Microbial Genomics methods

MGen (Microbial Genomics) was created last year by the UK’s Microbiology Society, with the aim of becoming the go-to journal for microbial genomics research. As a Senior Editor, I was asked to help mark the occasion of MGen’s six month anniversary (on Jan 15, 2016), by reviewing the 24 papers published in the journal’s first six months since launch.
The full review is is available over on the MGen site, but I wanted to draw particular attention here to trends in the analysis tools used by the genomic epidemiology papers published so far in MGen, which largely reflects what’s been happening across the field generally.

tools word cloud

One third of the articles are cutting edge genomic epidemiologyin action, using genomics to investigate the evolution and transmission of a range of pathogens, from anthrax to dysentery and food poisoning.

Interestingly all of these studies used similar methodologies, reflecting the maturity of this field of research.

Common approaches include: (i) sequencing large numbers of isolates using high-throughput Illumina platforms; (ii) the identification of SNPs (single nucleotide polymorphisms) using read mapping approaches (with BWA, SMALT, SAMtools and GATK being popular tools); and (iii) uniform use of RAxML for generating maximum likelihood phylogenies.

Some also used BEAST to estimate mutation rates, divergence dates and phylogeographical patterns. Interestingly, half of these papers utilised MLST (multi-locus sequence typing) to identify clades, showing that this sub-genomic approach based on capillary sequencing of ~7 gene fragments is still considered useful by many genomic researchers. [NOTE: nice to see that most who were inferring MLST from Illumina data were using our SRST or SRST2 software.]

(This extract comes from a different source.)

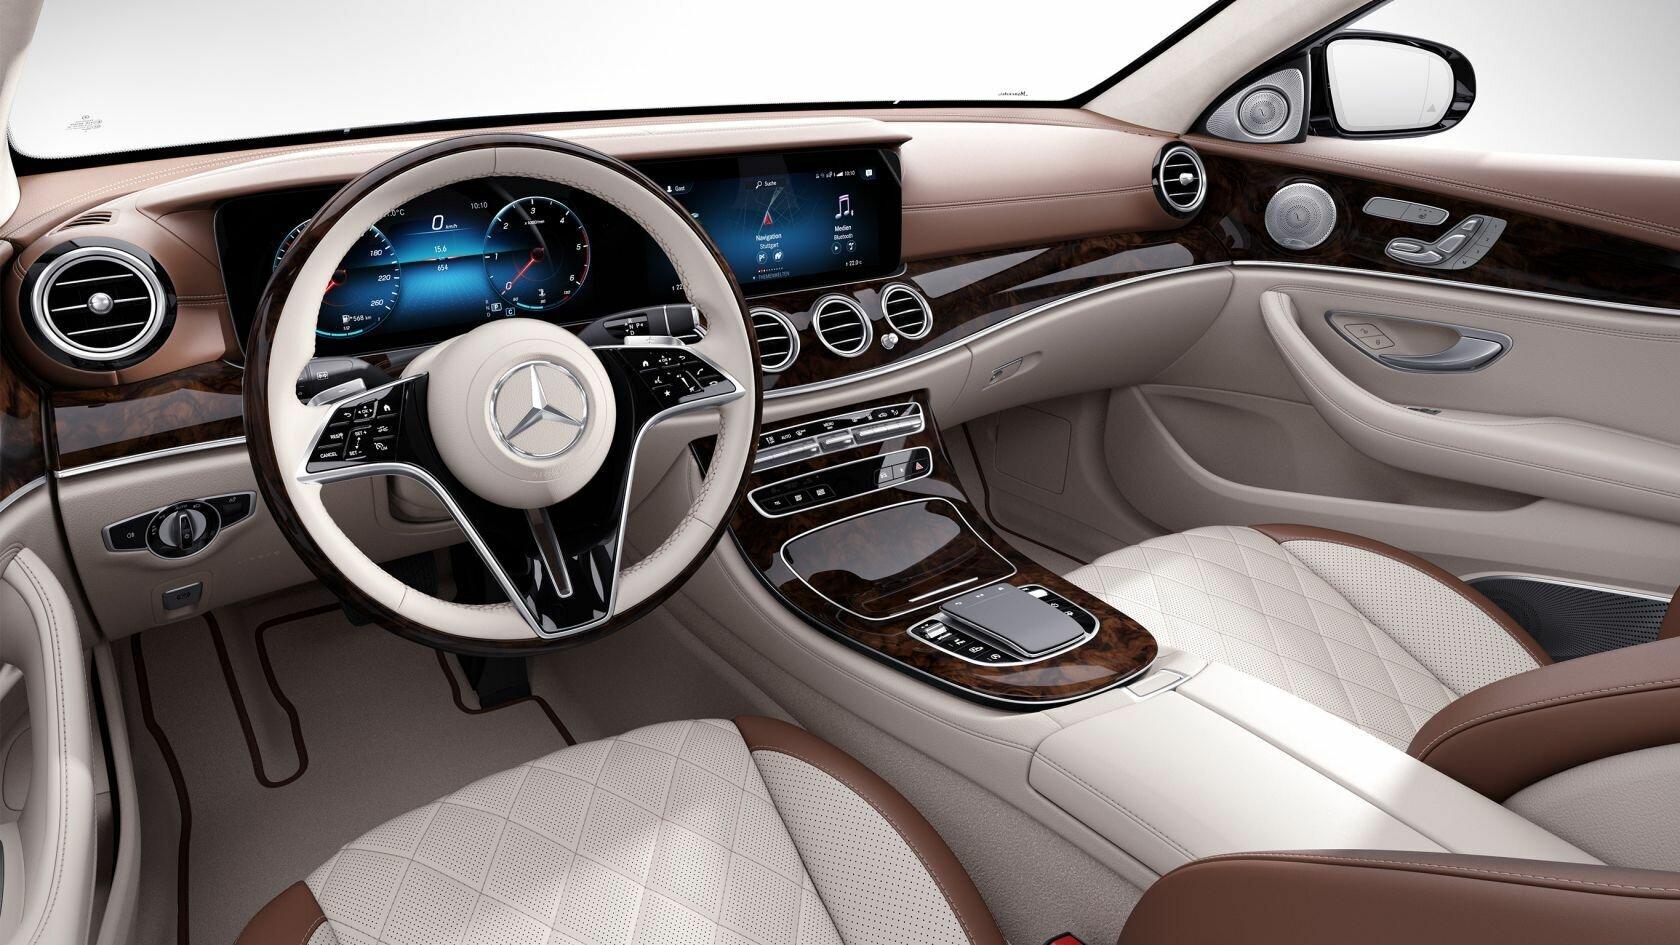 Mercedes-Benz создали ароматическую систему

Almost all of the genomic epidemiology studies took steps to remove SNPs introduced via recombination, in order to capture the underlying signals of vertical inheritance that are so important for transmission studies. Popular tools were BratNextGen, Gubbins and ClonalFrameML, which were all published within the last 3 years.

For pan genome analysis, Velvet and SPAdes were the most popular tools for bacterial genome assembly, with Prokka and Prodigal for gene annotation, and LS-BSR and related approaches being commonly used to cluster orthologous groups of genes.

 

Most of this won’t be any surprise to people working in bacterial genomic epi, but I think it’s great to see that consensus is emerging on how best to do these sorts of analyses, and to at last have some reliable tools for detecting and accounting for recombination.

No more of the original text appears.